The sound man tested the level. The cameraman counted off five seconds to go with his fingers, and then tape rolled. Serena introduced Cindy as the star reporter and head of the crime desk at the San Francisco Chronicle.
She said, “You have big news this morning, Cindy. A bombshell email that you’ve just posted on your crime blog, from someone claiming to have inside knowledge about the recent sniper attacks that have terrified people in five cities.”
“That’s exactly right, Serena. I received an email just minutes ago giving reasons for the sniper attacks and warning of future executions,” Cindy said. “I find the email credible.

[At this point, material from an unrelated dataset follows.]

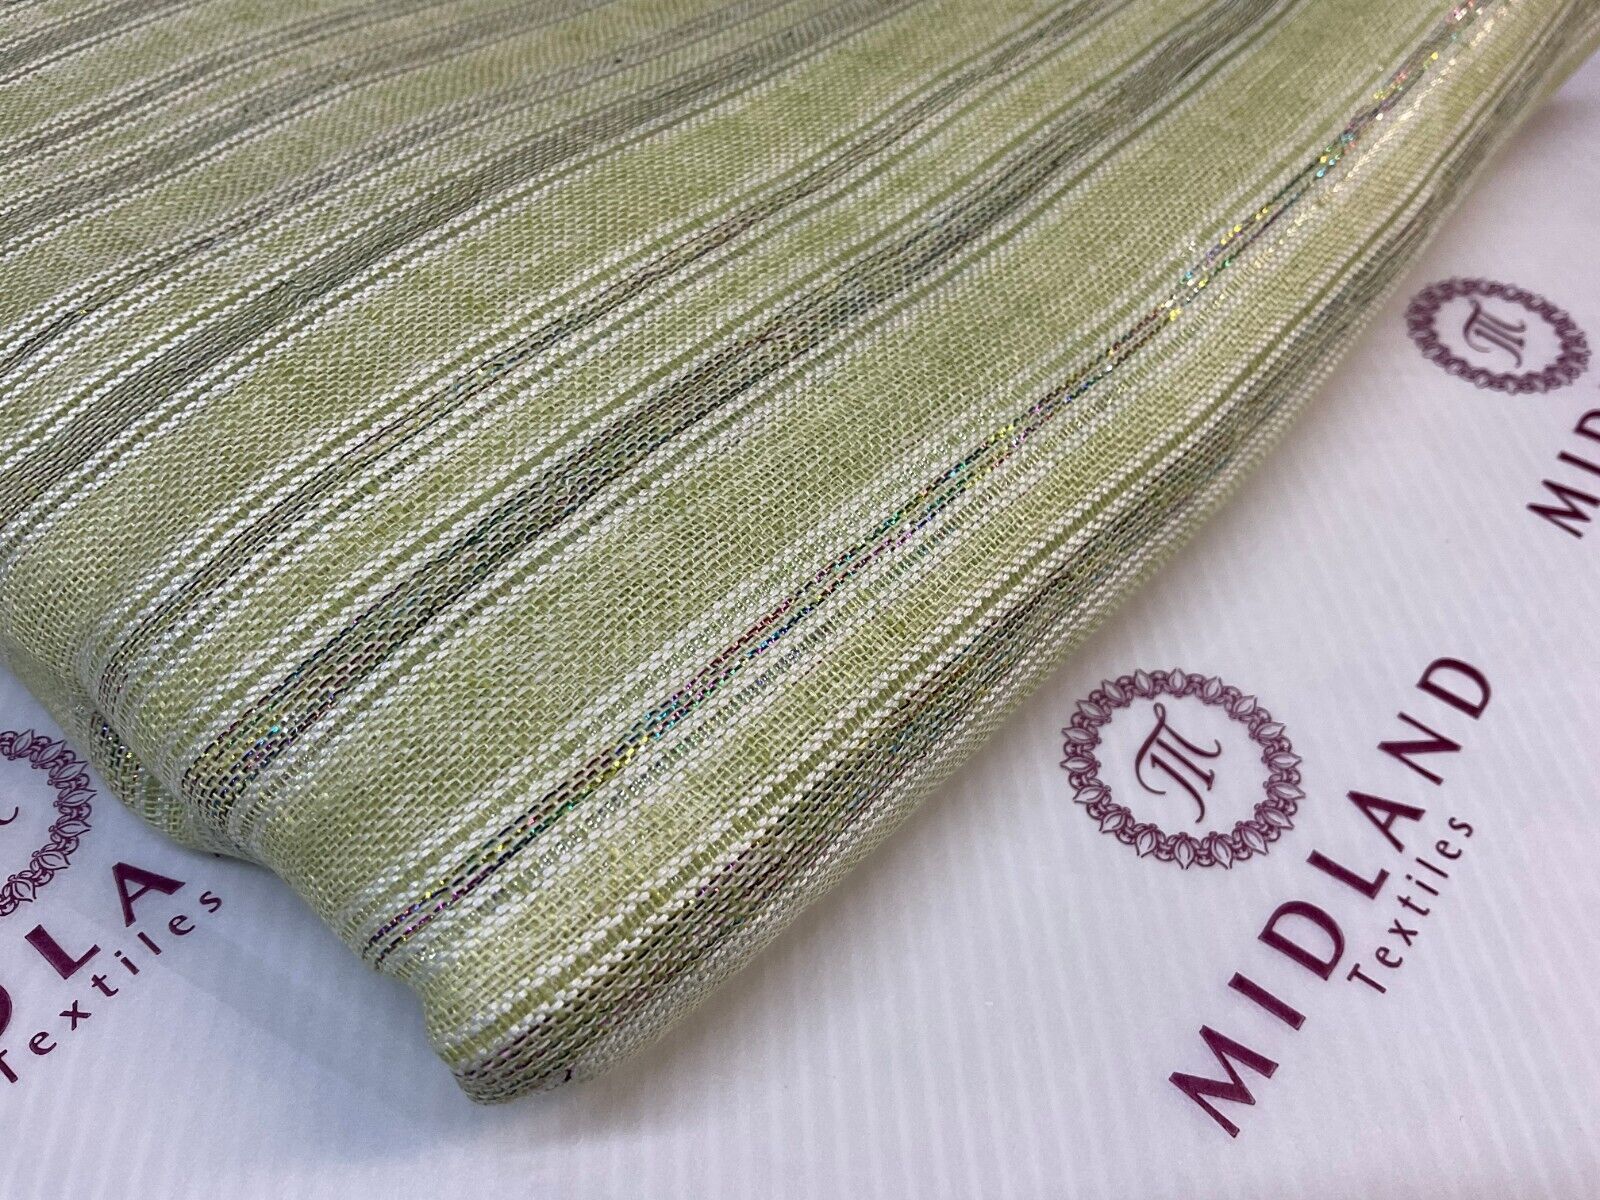 Stripped Handloom Linen dress Fabric 114cm wide M1771

But viewers must understand that, like the Zodiac Killer’s letters to the Chronicle decades ago, the email is unsigned.
“I’ve weighed both sides of the argument carefully and have decided that it’s better to release this email than keep it quiet.”
“Cindy, is there a time stamp on that?”
“It landed in my inbox early this morning. The heading was ‘For Immediate Release.’”
“Can you read it for our viewers now?”
Cindy raised the sheet of paper from her lap and began to read the highlights.
“Quoting now: ‘This is a warning to all drug slingers, the pushers who sell grass, coke, meth, and Molly, the sickos who sell oxy, heroin, fentanyl, unprescribed pharmaceuticals, and designer drugs, or name your poison. Deaths from overdoses have risen to seventy thousand Americans per year, nearly half of those from opioids like fentanyl. It’s not okay. It’s not stopping. It’s getting worse.